Isabel was impressed by his talk, different from anything she had heard before in her life, full of wild radical ideas imbibed from attending William Morris’s socialist soirées in Hammersmith, and astonishing scientific facts acquired from his courses at college: the evils of industrial capitalism, the vastness of the universe, the fossil evidence for evolution … She could not contribute more to these outpourings than an occasional expression of wonder and timid doubt (she refused to believe, for instance, that some of the stars she saw in the sky no longer existed, and that it was only the light they had emitted before their extinction, travelling across millions of miles of space towards the earth, that she observed) but she accepted his learned disquisitions as a kind of tribute to herself and a token of his devotion. For his part it was enough that she was his sweetheart, on whom all his vague dreams and ambitions for the future could be projected. He was well aware of being no great catch as a swain. He was pitifully thin from a poor and insufficient diet – there was a photograph of himself standing next to the skeleton of a great ape in Professor Huxley’s laboratory in which it was hard to tell whether he had any more flesh on his bones under his shabby clothes than the grotesque relic beside him. Acutely conscious of his physical shortcomings, he was grateful that he could walk out with such a beautiful girl on his scrawny arm. They kissed and cuddled when the opportunity arose, but if he became a little too ardent for her comfort she found ways, infinitely more delicate and tactful than Aggie’s, to disengage herself from his embraces. He was resigned to a long, chaste courtship: given Isabel’s character and their family relationship no alternative was imaginable.

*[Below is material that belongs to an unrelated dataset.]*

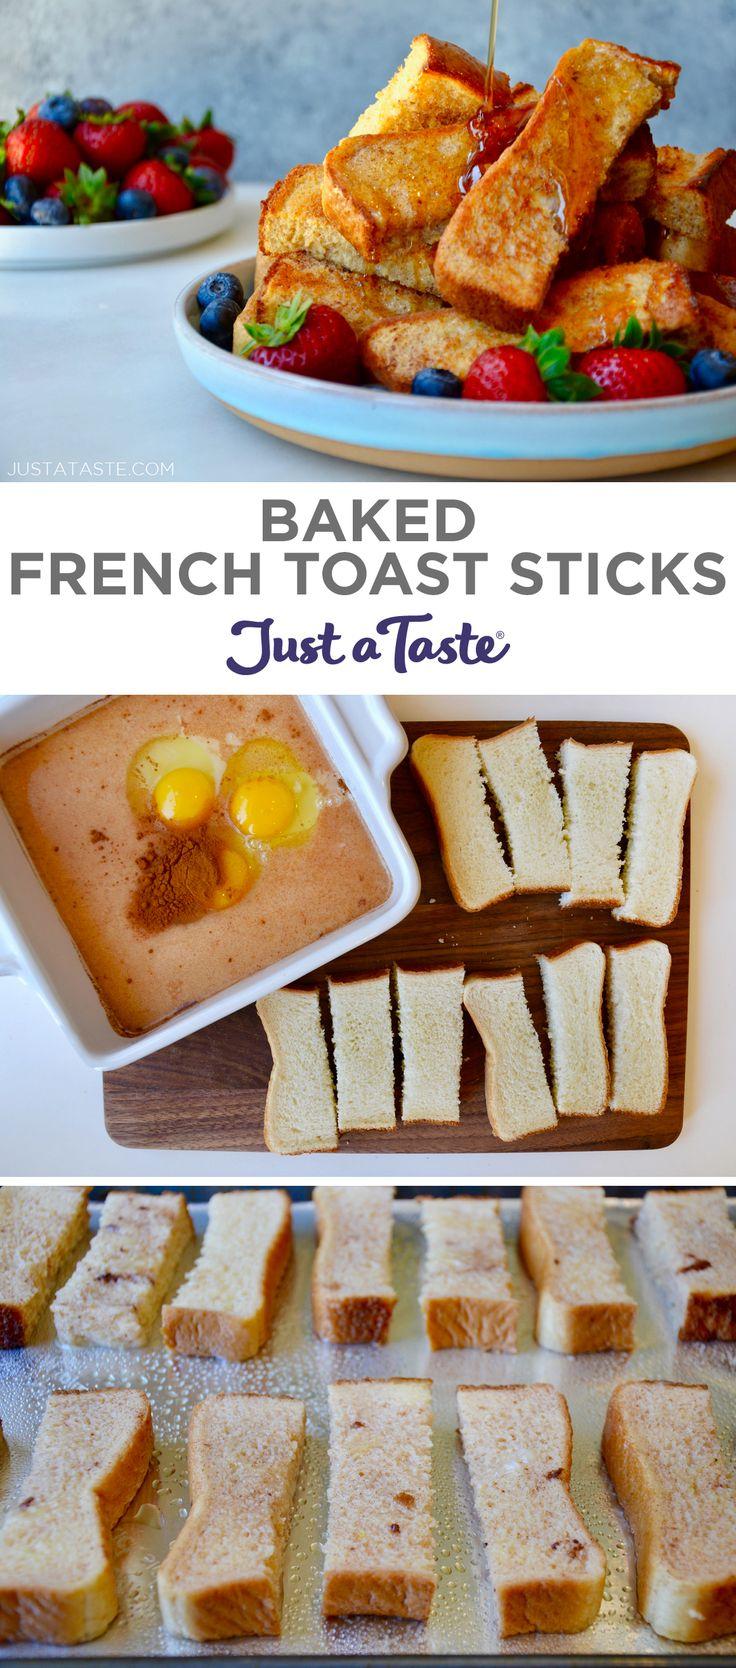 Baked French Toast Sticks (Freezer-Friendly!) recipe from justataste.com #recipes #breakfast #mealprep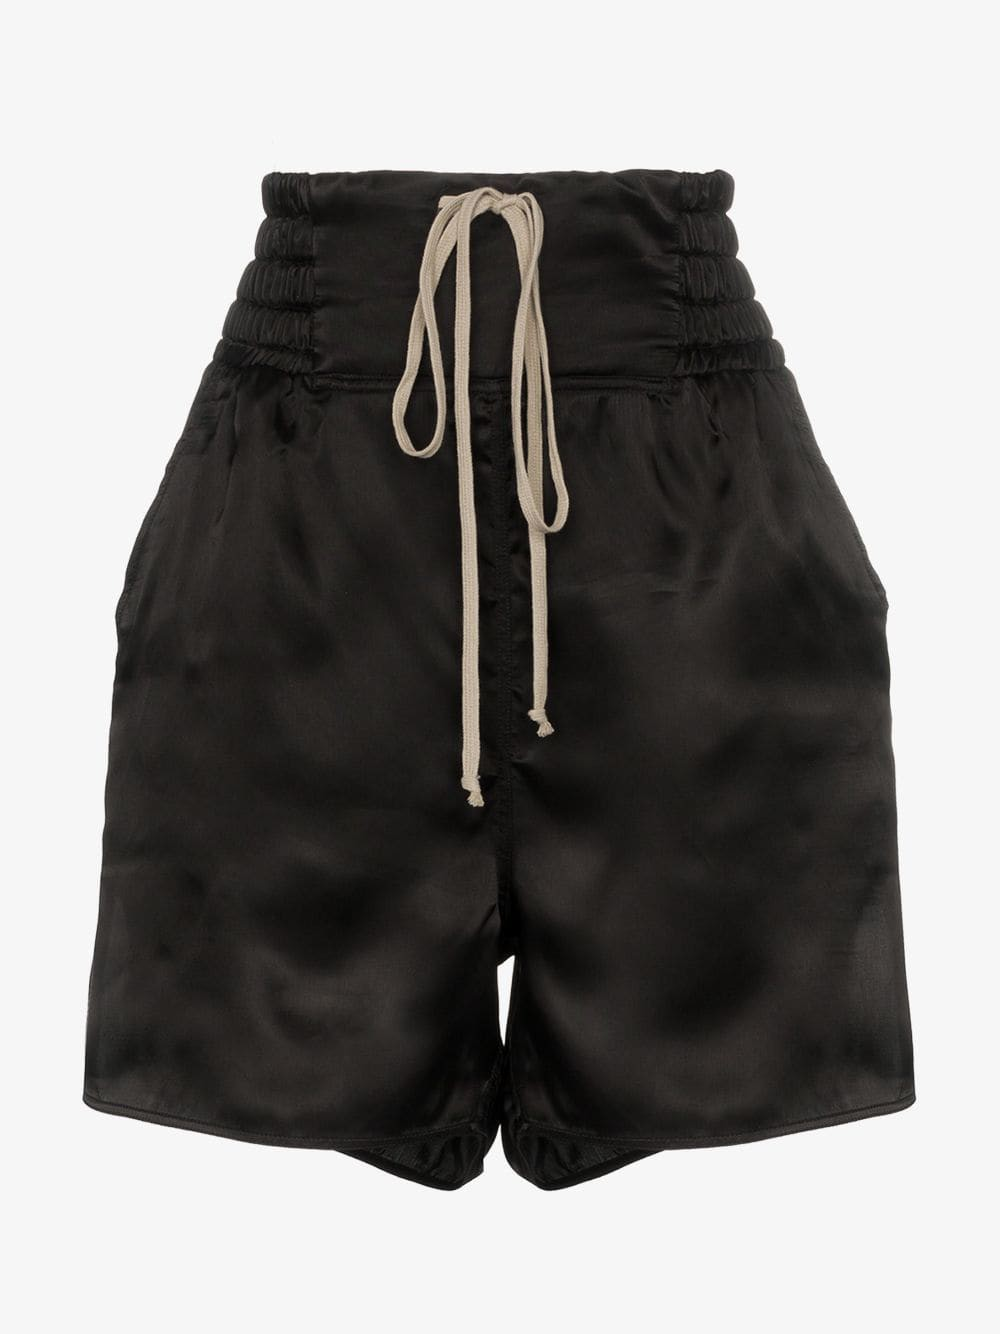 Rick Owens satin split side drawstring shorts in black

He had passed his first-year examinations with distinction, but the amount of time he spent with Isabel during his second year at college caused him to neglect his studies, which had become inherently less interesting as he passed from Professor Huxley’s scintillating classes to those of a dull and dry professor of physics. In the evenings he skimped studying in his cold bedroom so he could hasten down to the back parlour where Isabel would be sitting by the fire, ready to chat, and when the weather turned warmer they would go out for evening walks in the Park. The consequence was that he failed one of his second-year exams, and did poorly in others. He was in some fear of losing his grant and his place on the course, but was allowed to continue into the third year. In spite of this warning he did not apply himself diligently to preparing for his final examinations. He was more interested in reading books about socialism, making provocative speeches to the College Debating Society, starting up a student magazine, writing stories, essays and poems, and other extracurricular activities, including his courtship of Isabel.